2 Responses to “Sport Authority”

  1. Julie Yamamoto Says:

    Ah, sister, you’re on to me. You figured out that this poem wasn’t just about Daniel! You should have been an English major.

  2. LAT Says:

    Not so easy being a “grown up” with authority and responsibilities! It all would seem so easy if you know the game and can blow a whistle. No matter how much you have learned and know you know of the game, there will always be those that think they know the game better and will turn on you just because they think they can. No, not so easy to be the one of authority and see the other side of where you have spent your life — staying inbounds and doing what you are told. Too late! You can’t turn back and be the child who plays for love of the game. You can only go forward and become what you are meant to become knowing that there will always be critics.
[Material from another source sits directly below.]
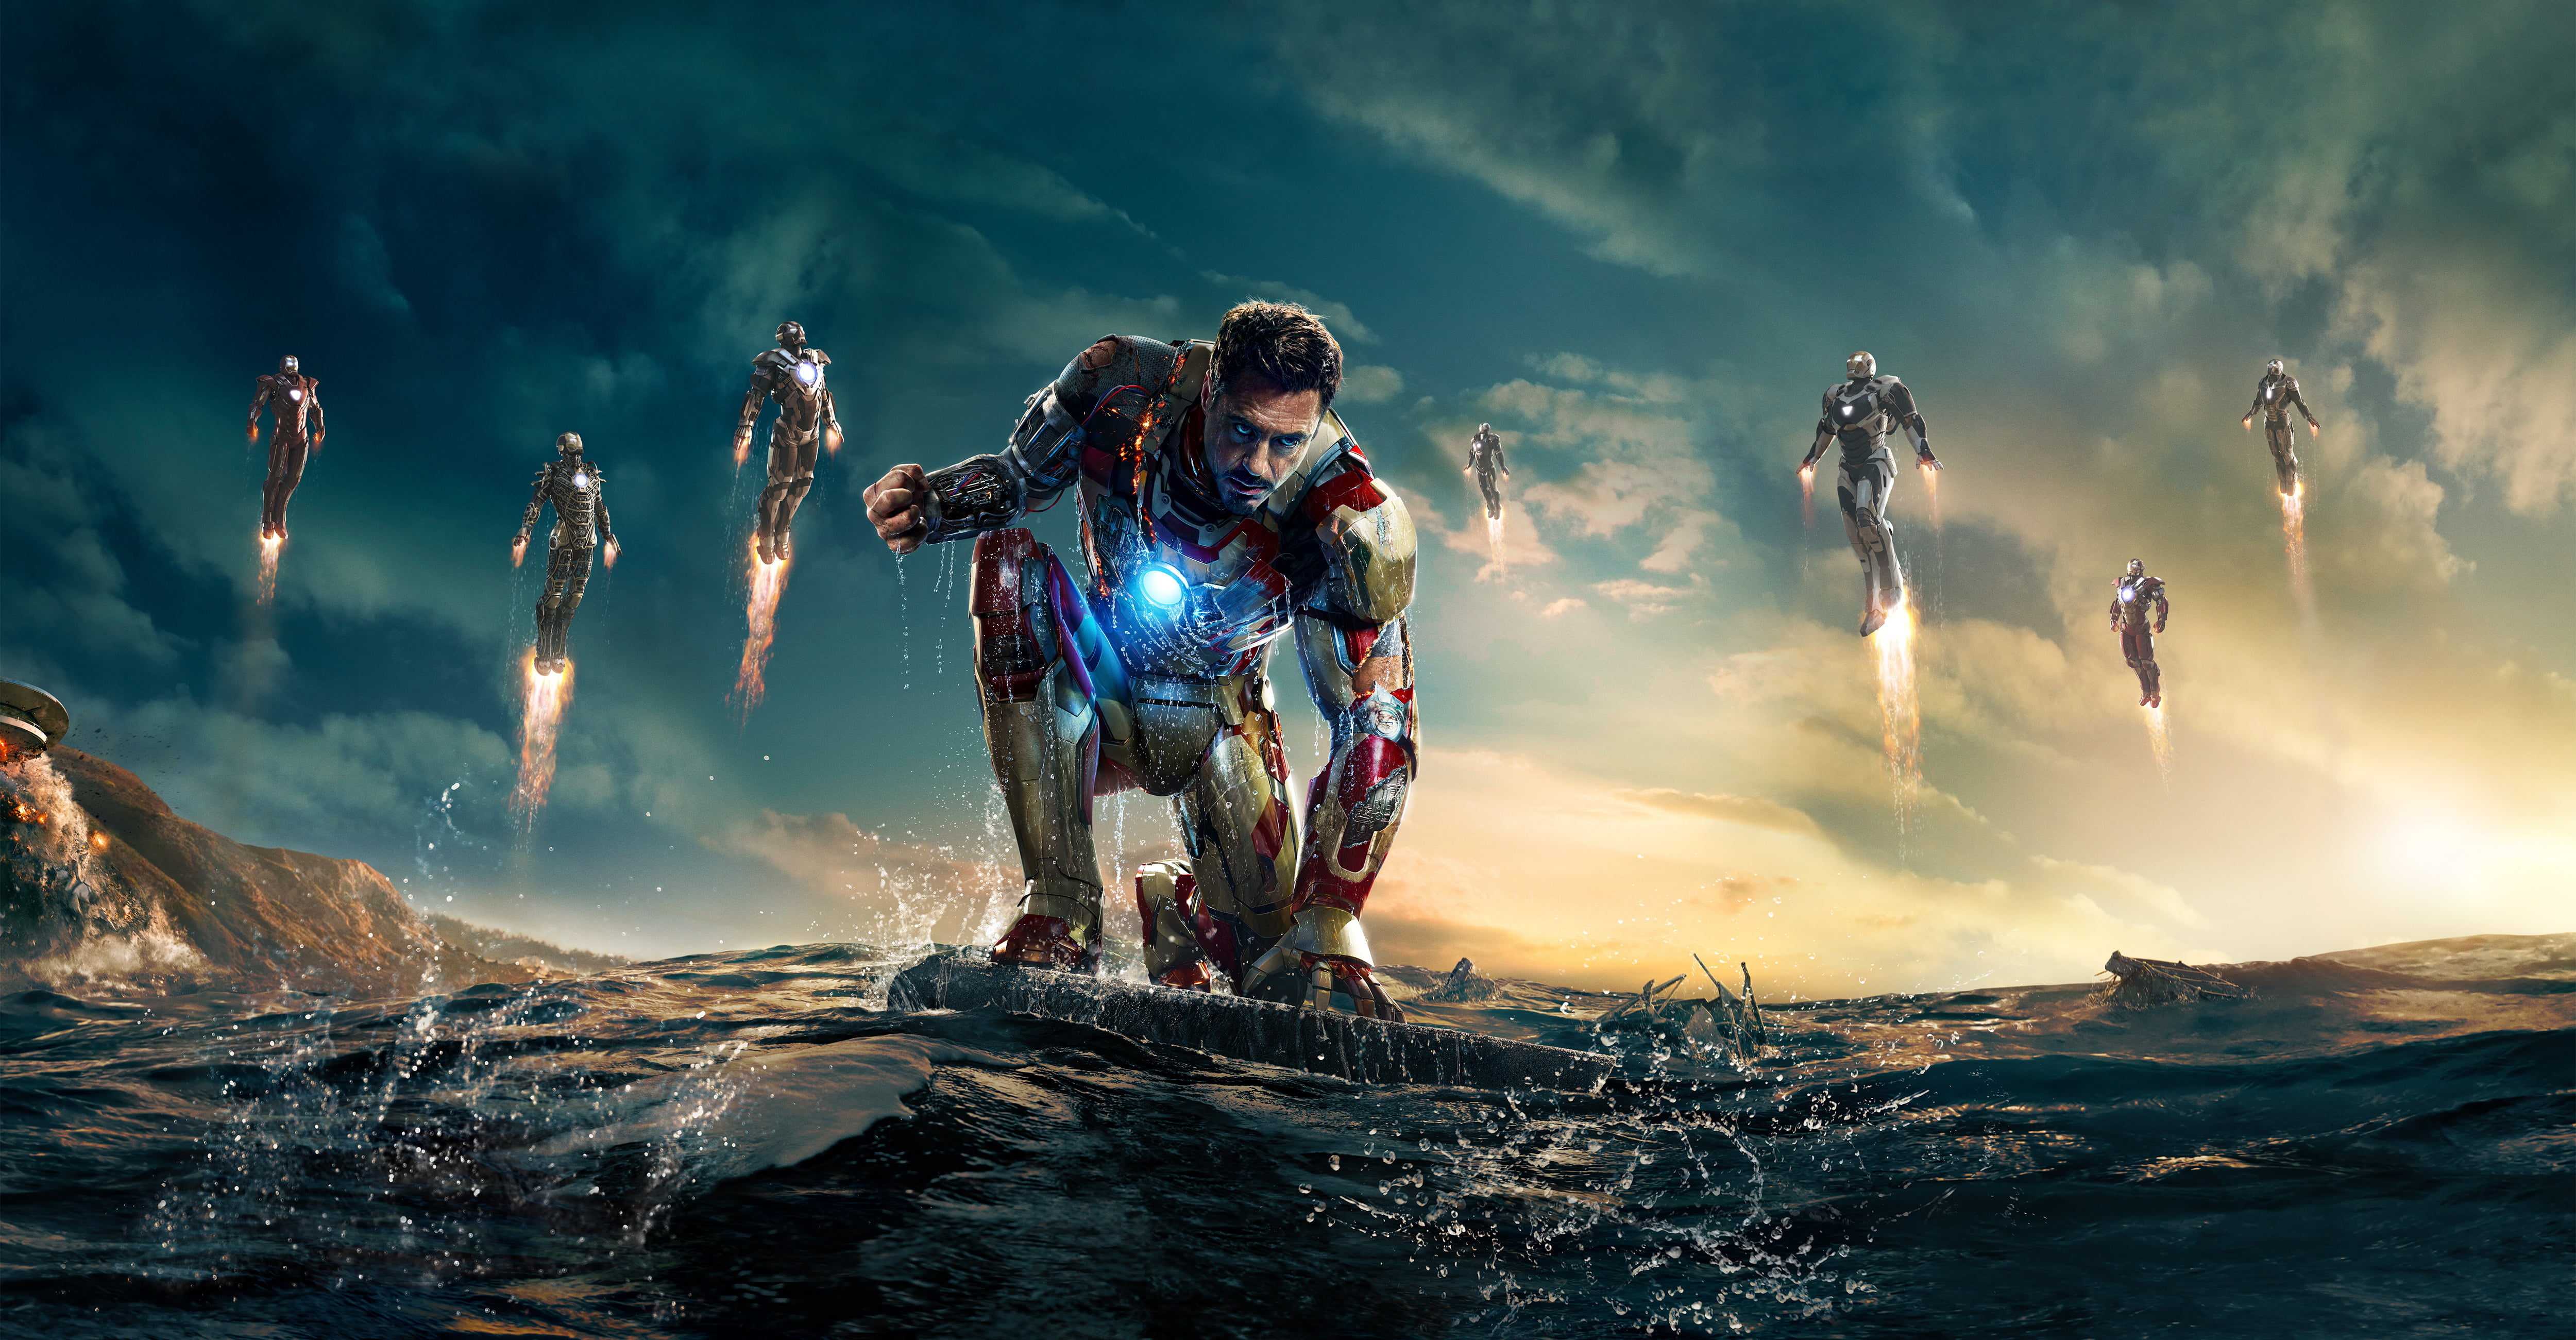 Iron-Man 3 poster, Robert, Iron Man, Tony Stark, iron man 3, Robert Downey

Do what you do, hold your head up high, know that you will make mistakes, but don’t let anyone tell you you are no good. Those people are not only wrong in how they express their opinions, but they are the ones that are no good (at least in being a coach, parent, support for “their” team) for they are out of bounds, not you. You are now the authority with responsibility to respect the game, the rules, the players, the teams, the coaches and, yes, the fans. But give yourself the respect for yourself and the job you do; that is equally important. As tough as a job that it can sometimes be, don’t let others steal your love of the game, and always remember there life experiences here to be learned. It is not just about the game. Such is life.

    Best of luck to Daniel. He will find his way and be just great!